Question

22. A porter lifts a luggage of 15 kg from the
ground and put it on the head 1.7 m above the
ground. Find the work done by the porter on the
luggage (g = 10 meter /sec square).
1 Point
*
255J
355J
15)
none of these​

Answer 1

Given :-

Mass of the luggage = 15 kg

Height of the luggage = 1.7 m

To Find :-

The work done by the porter on the  luggage.

Analysis :-

Here we are given with the mass and height of the luggage.

In order to find the work done substitute the values given in the question such that work done is equal to mass into gravity into height and find the work done by the porter on the luggage accordingly.

Solution :-

We know that,

• g = Gravity
• w = Work
• m = Mass
• h = Height

Using the formula,

$\underline{\boxed{\sf Work \ done=Mass \times Gravity \times Height}}$

Given that,

Mass (m) = 15 kg

Gravity (g) = 10 m/s

Height (h) = 1.7 m

Substituting their values,

⇒ w = mgh

⇒ w = 15 × 10 × 1.7

⇒ w = 255 J

Therefore, the work done by the porter on the luggage is 255 J.

Answer 2

Answer:

Given :-

• Mass of luggage = 15 kg
• Height from ground when it put = 1.7 m
• Acceleration due to gravity = 10 m/s²

To Find :-

Work done

Solution :-

$\small {\fbox {\fbox {firstly \: lets \: see \: the \: concept}}}$

Here, is a luggage which is lifting by a porter and the mass of luggage is 15 kg and it is put from the ground about 1.7 m and the acceleration due to gravity is 10 mps and we have to find to the work done by the luggage.

$\small {\fbox {\fbox {lets \: see \: how \: to \: solve}}}$

Here, we will find the work done by a formula which mass×gravity×Height.
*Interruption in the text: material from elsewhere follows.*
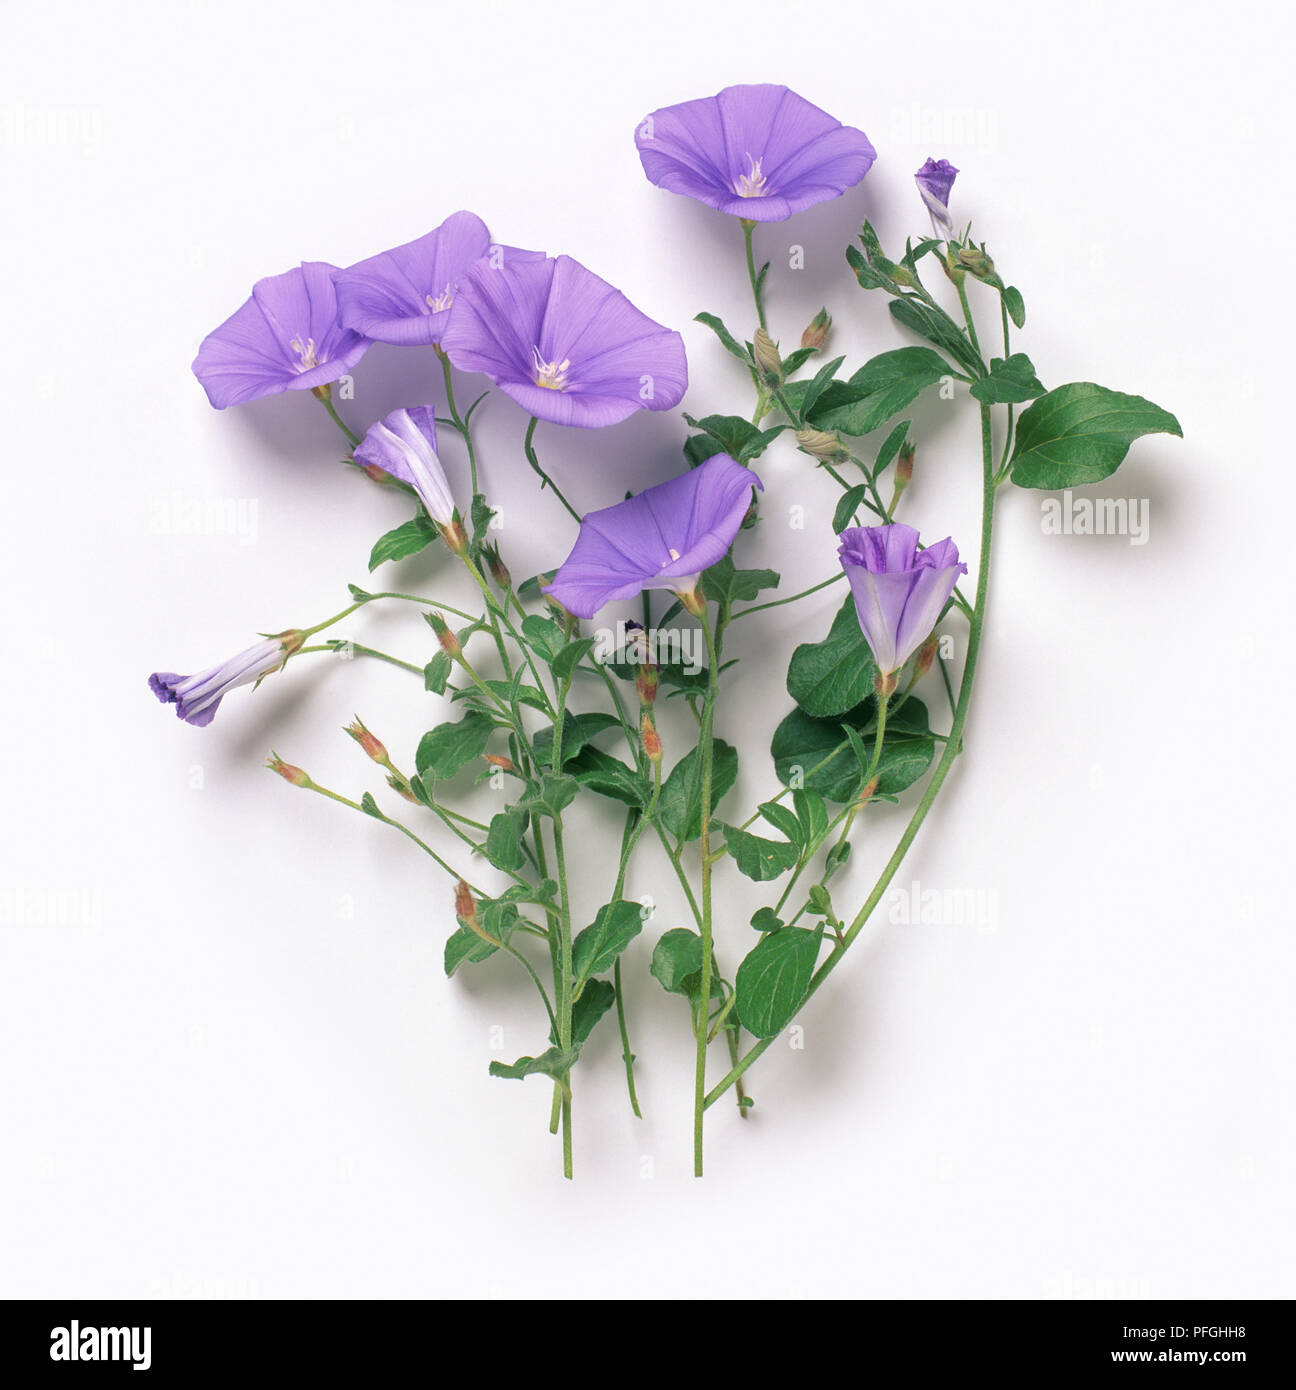 Convolvulus sabatius (Bindweed), blue flowers and green leaves, close-up Stock Photo

And when we multiply them then we will got our required answer.

$\huge {\fbox {\fbox {lets \: calculate}}}$

${\boxed {\tt Work \: done = Mass \times Gravity \times Height}}$

Work done = 15 × 1.7 × 10

Work done = 150 × 1.7

Work done = 255 J

Hence :-

Work done by luggage is 255 Joule.

Extra bytes

Joule :-

Joule is the SI unit of energy. The work required to produce one watt of power for one second is also written as Joule.